The school is recognized as a high school by the Education Department of the government of Maharashtra.by Rev. Fr. Valerian Godinho. The institution has 2700 students on roll.

The school is administered by the Roman Catholic Diocese of Mumbai and under the religious jurisdiction of the Roman Catholic Archdiocese of Mumbai. The school provides education for Catholic boys and girls, and for other denominations.

Beginnings
Little Flower High School was established in 1972, in rented premises near Vartak Nagar by Rev. Fr. Valerian Godinho to cater to the educational needs of the Catholics and the non-Catholics of the industrial area. The school is located on its own extensive grounds.

Academics

Curriculum
The school academic year, which begins in June, comprises two terms: June–October and November–April. The course of studies has emphasis on the preparation for Secondary School Certificate Examination. Hindi is a compulsory subject and is taught from class III. The base and foundation of Basic Techniques in Education, are given due emphasis. Physical Training, Outdoor games are compulsory for all. Pupils are encouraged to join introduction to computing, Social Service Groups and take up Projects in Std. VIII, IX and X.

Examinations
There are four unit tests, one terminal examination and one final examination each year. The first terminal examination is held in October and the final examination in April. Minimum requirements for a student to be declared 'Pass' is 35% while for a student to attain distinction is 75%.

Facilities

Science laboratory

Library
The school has a collection of books on subjects ranging from reference books to fiction, non-fiction, biographies, encyclopedias, journals etc. The school subscribes to dailies and magazines. Reference books and texts are available for borrowing as well as for reference purpose.

House system
Students are divided into four houses. Each house is named after a personality in national history.

School council
The council is a student body established to put into practice the aims and objectives of the House System.
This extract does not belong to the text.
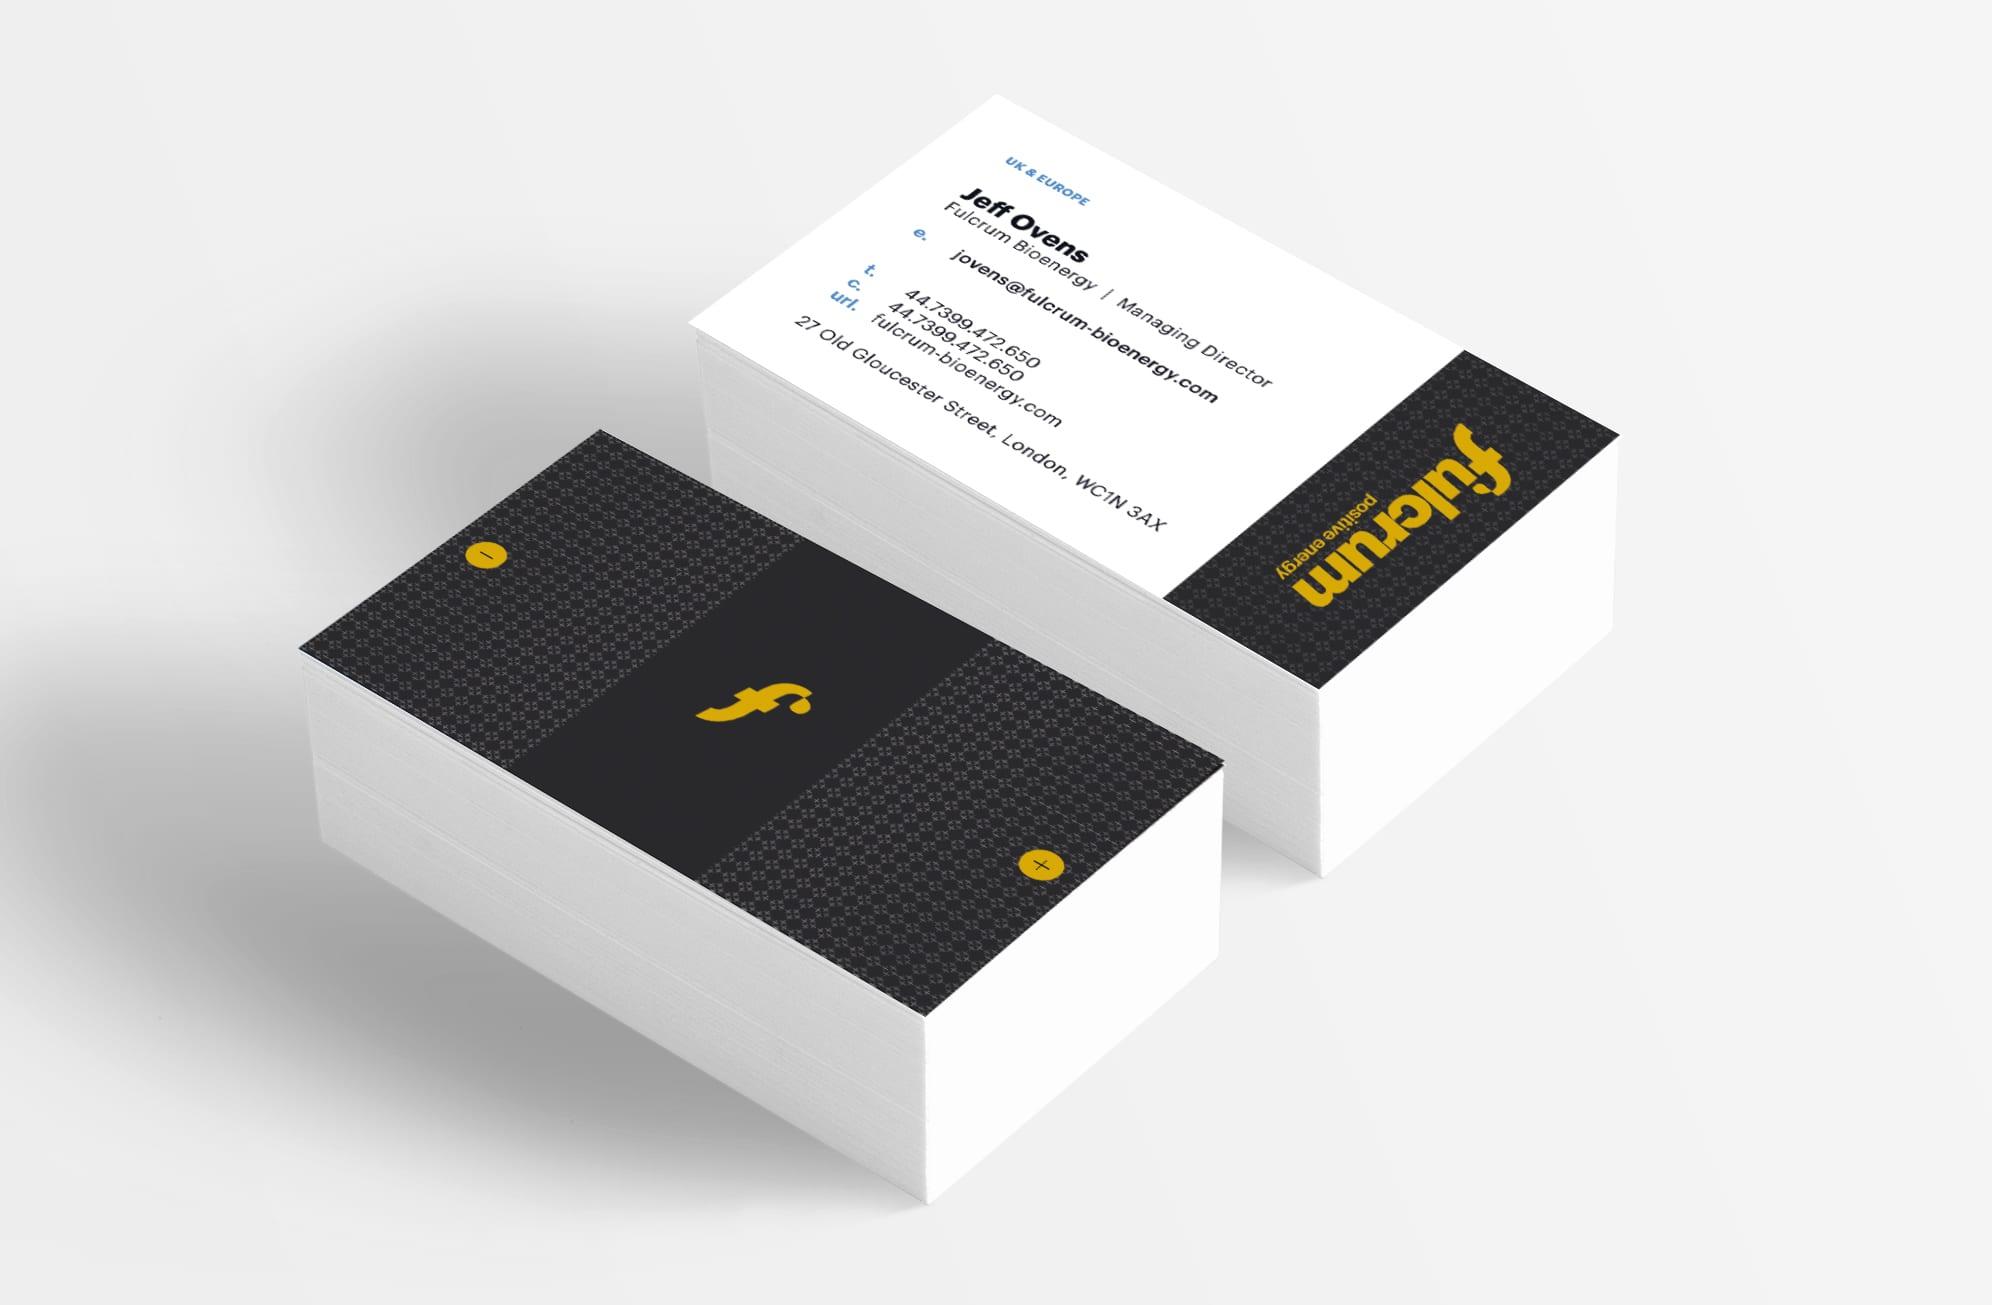 clp_fulcrum_businesscard_3dmocks

The Council is made of the Prefect, Assistant Prefect, House Captain, House Leader as well as Class Monitors and Assistant Monitors of the classes and other representatives of the activities and organisations. The meetings of the council are conducted on a Parliamentary basis and the Council fulfils its purpose by assisting the Principal and the staff in carrying out affairs in the school, especially discipline.

Co-curricular activities
Co-curricular activities include fun fairs, picnics, camps, workshops, debates, scouts, guides and NCC.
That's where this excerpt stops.